Exercise directions: In the material below, pictures must be dropped. Repeat exactly, and only, the lines from the line with "Love is a Gift Christmas ad" to the line with "Row of windmills in blue sky Stock Photo", both ends included.

Provided entries:
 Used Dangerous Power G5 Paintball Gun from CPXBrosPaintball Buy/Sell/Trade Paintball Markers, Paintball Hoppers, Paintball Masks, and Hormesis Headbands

...

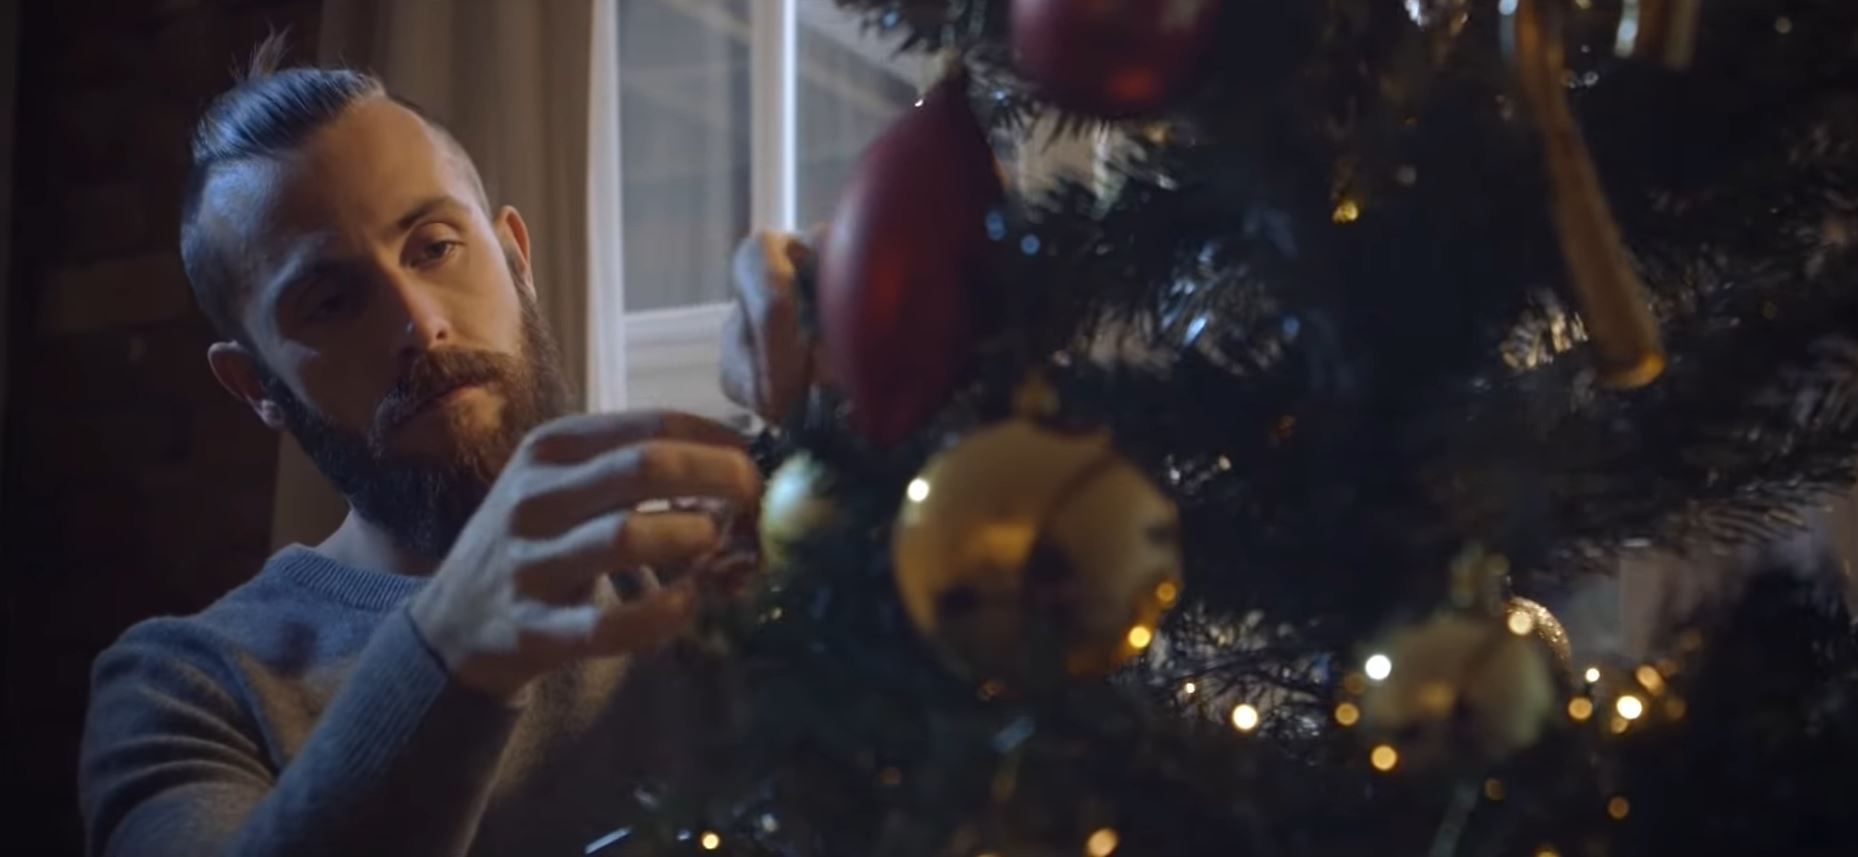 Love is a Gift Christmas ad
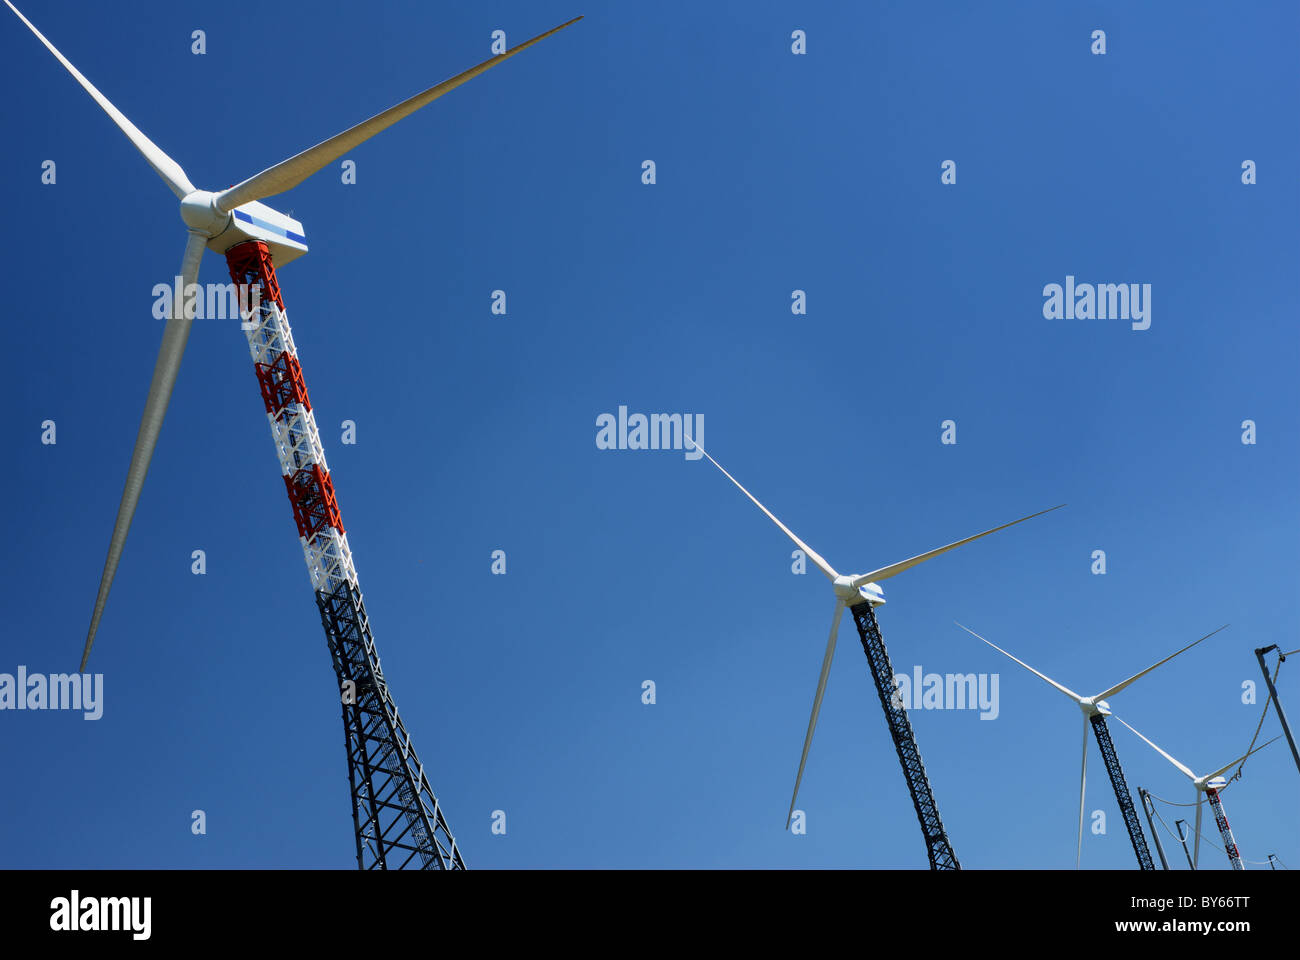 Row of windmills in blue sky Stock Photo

* * *

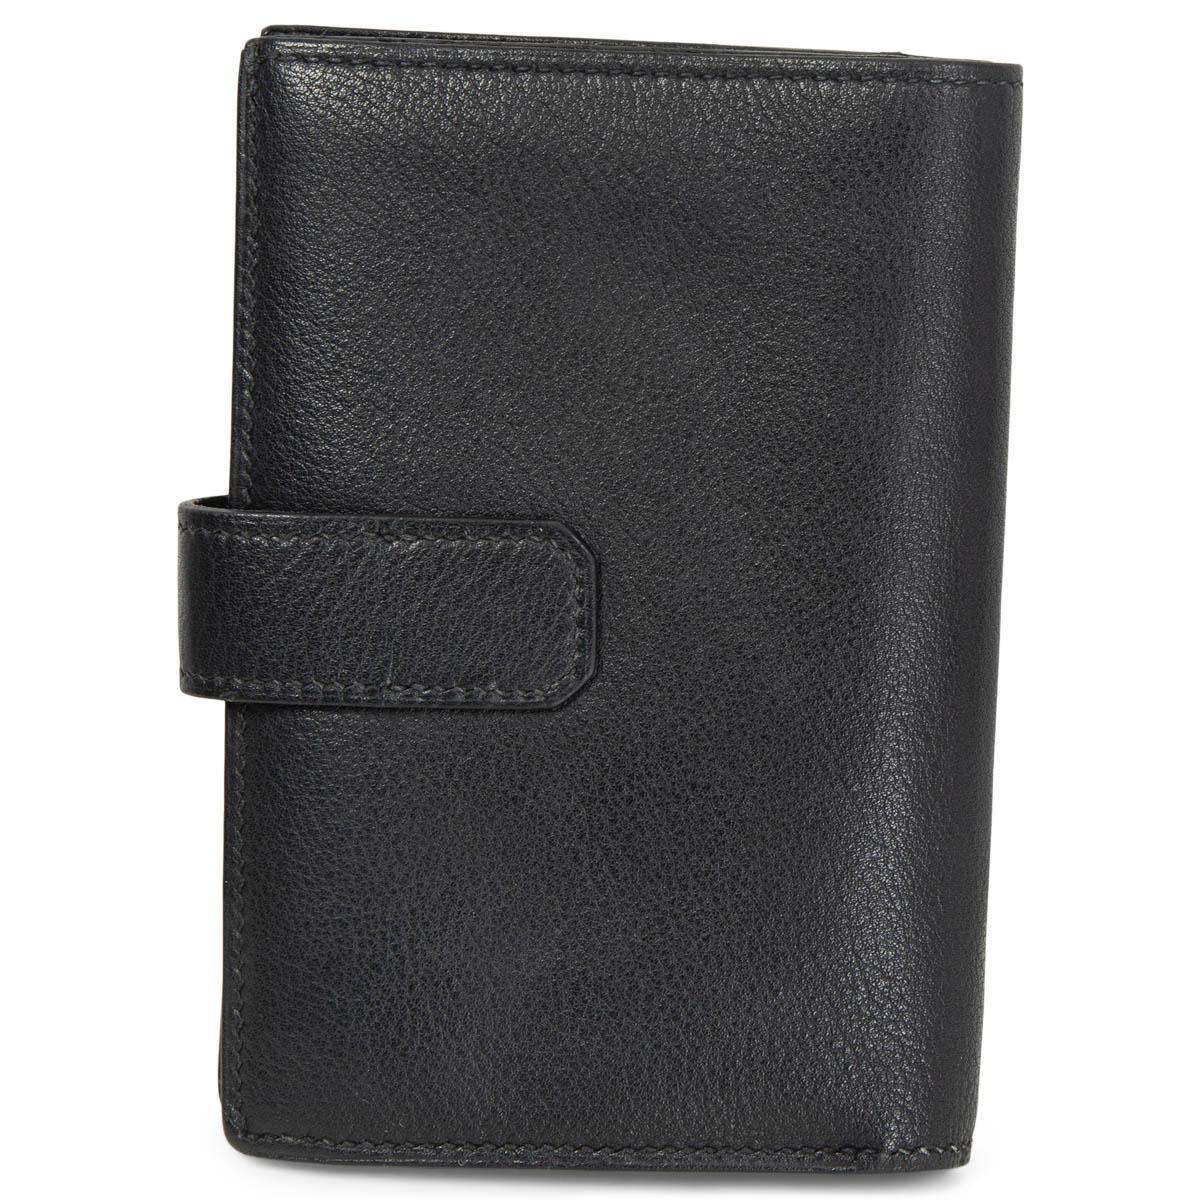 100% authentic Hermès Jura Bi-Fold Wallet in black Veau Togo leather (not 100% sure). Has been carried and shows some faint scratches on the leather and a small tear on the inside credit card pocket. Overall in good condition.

Exercise response:
 Love is a Gift Christmas ad
 Row of windmills in blue sky Stock Photo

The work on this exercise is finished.